The purpose of this dissertation was to evaluate and optimize the use of 

chitosan-functionalized magnetic nanoparticles (F#1 MNPs) as a preanalytical sampling 

processing tool for the detection of foodborne pathogens in complex and diverse food 

matrices. This research contributed to an expanded body of knowledge regarding 

methods to improve the speed of low-level foodborne pathogen isolation and detection 

under laboratory conditions. This is especially important because current advancements 

in the rapid detection of foodborne pathogens focus almost exclusively on improving the 

downstream detection assay with little to no regard for sample preparation (84–86).  

Two foodborne pathogens were used, one gram-positive (Listeria 

monocytogenes) and one gram-negative (Salmonella ser. Newport) bacterium, which 

contribute significantly to the number of foodborne associated illnesses and deaths in 

the U.S. (1, 2).
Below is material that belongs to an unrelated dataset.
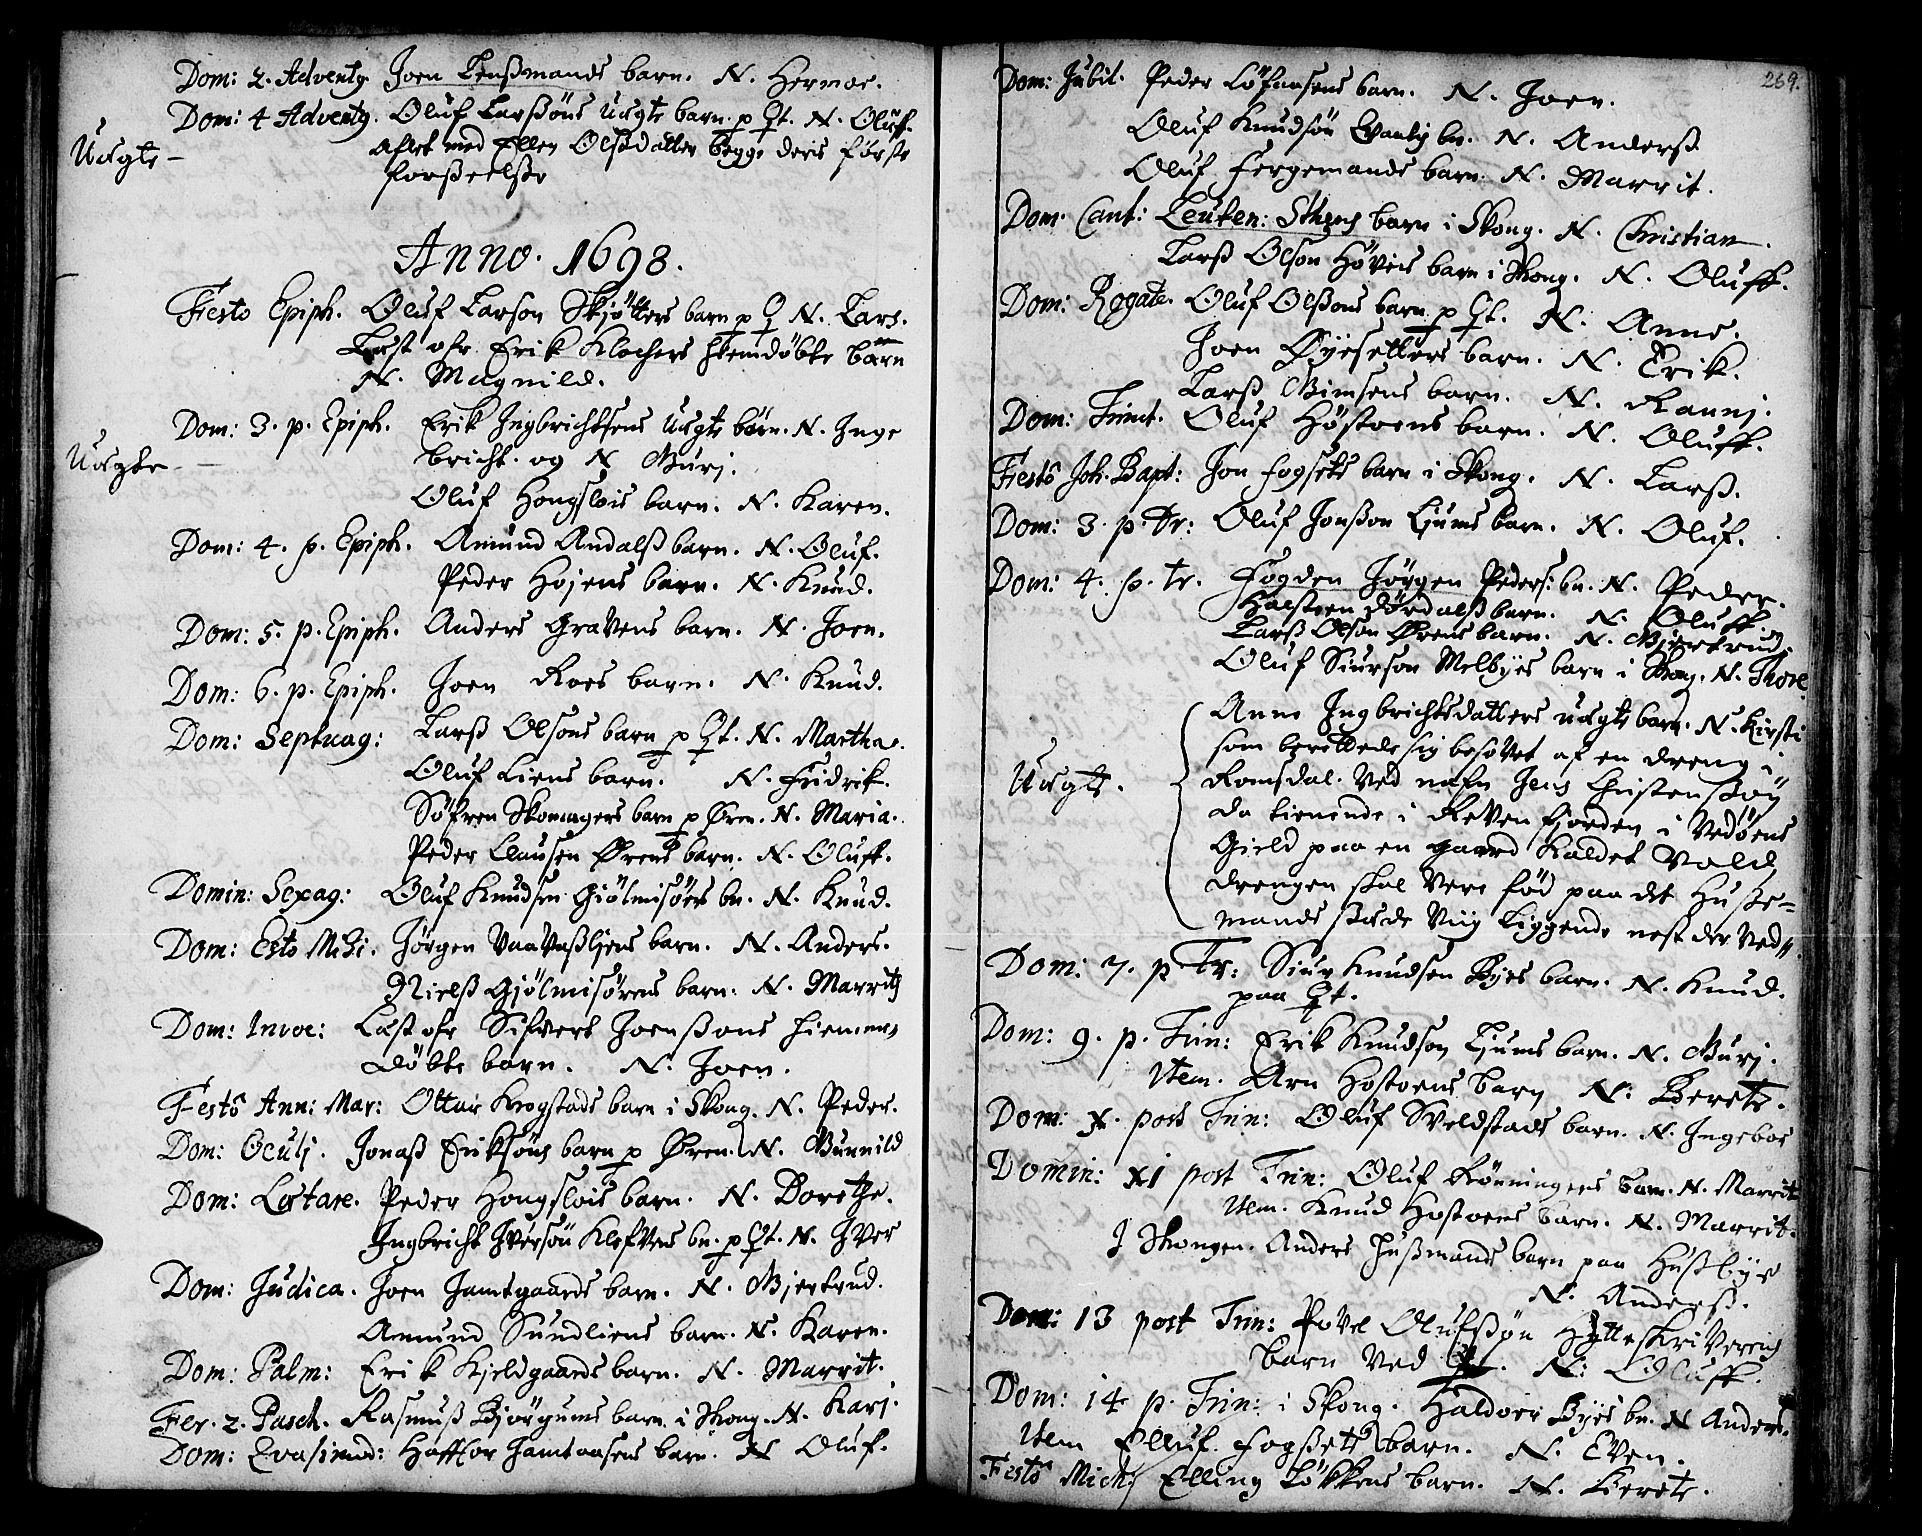 SAT, Ministerialprotokoller, klokkerbøker og fødselsregistre - Sør-Trøndelag, 668/L0801: Ministerialbok nr. 668A01, 1695-1716, s. 268-269
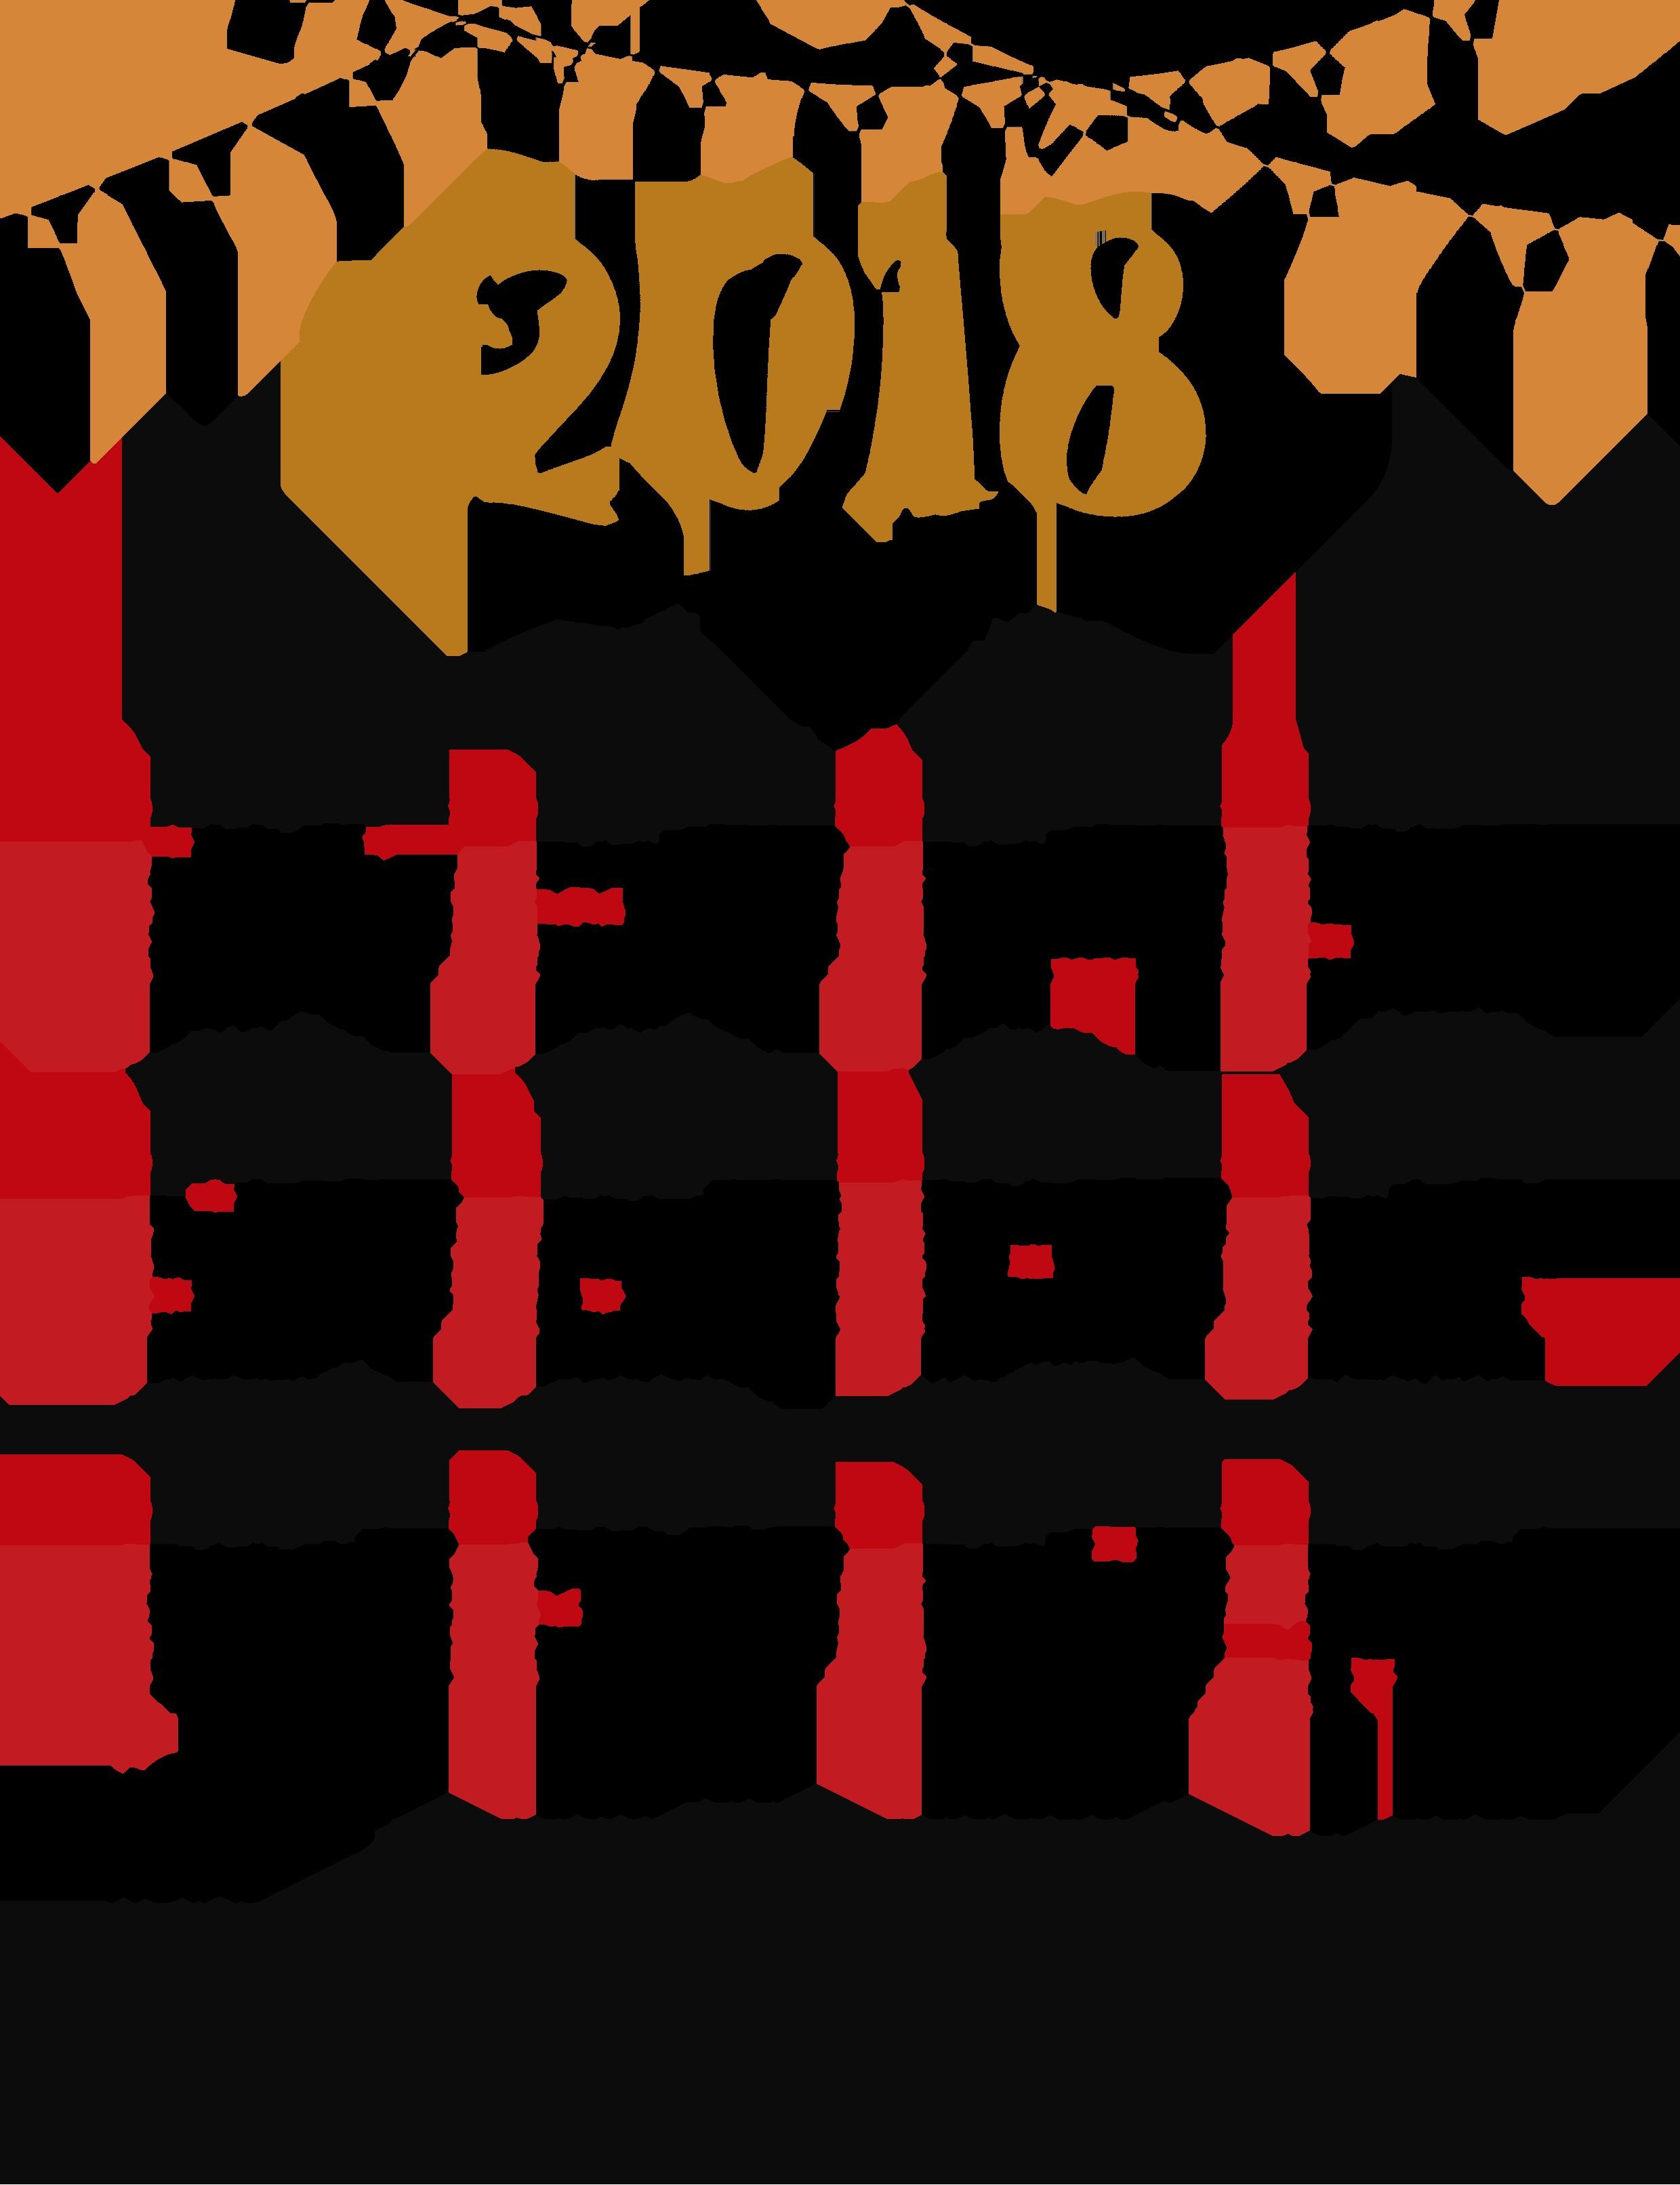 Calendario 2019 Feriados Rondonia Más Caliente Lief Te Regala Este Calendario 2018 Para Imprimir Y Decorar Tu Hogar Of Calendario 2019 Feriados Rondonia Más Actual Junho 2018

The bacteria were cold-stressed (refrigerated) to simulate food storage 

conditions (70, 139, 141). This was especially important because while it is 

hypothesized that the F#1 MNPs bind to microbes similarly to other particles 

functionalized by chitosan, this has yet to be proven. Therefore, the physiological state 

of the microbe that likely exists in naturally contaminated samples was considered. 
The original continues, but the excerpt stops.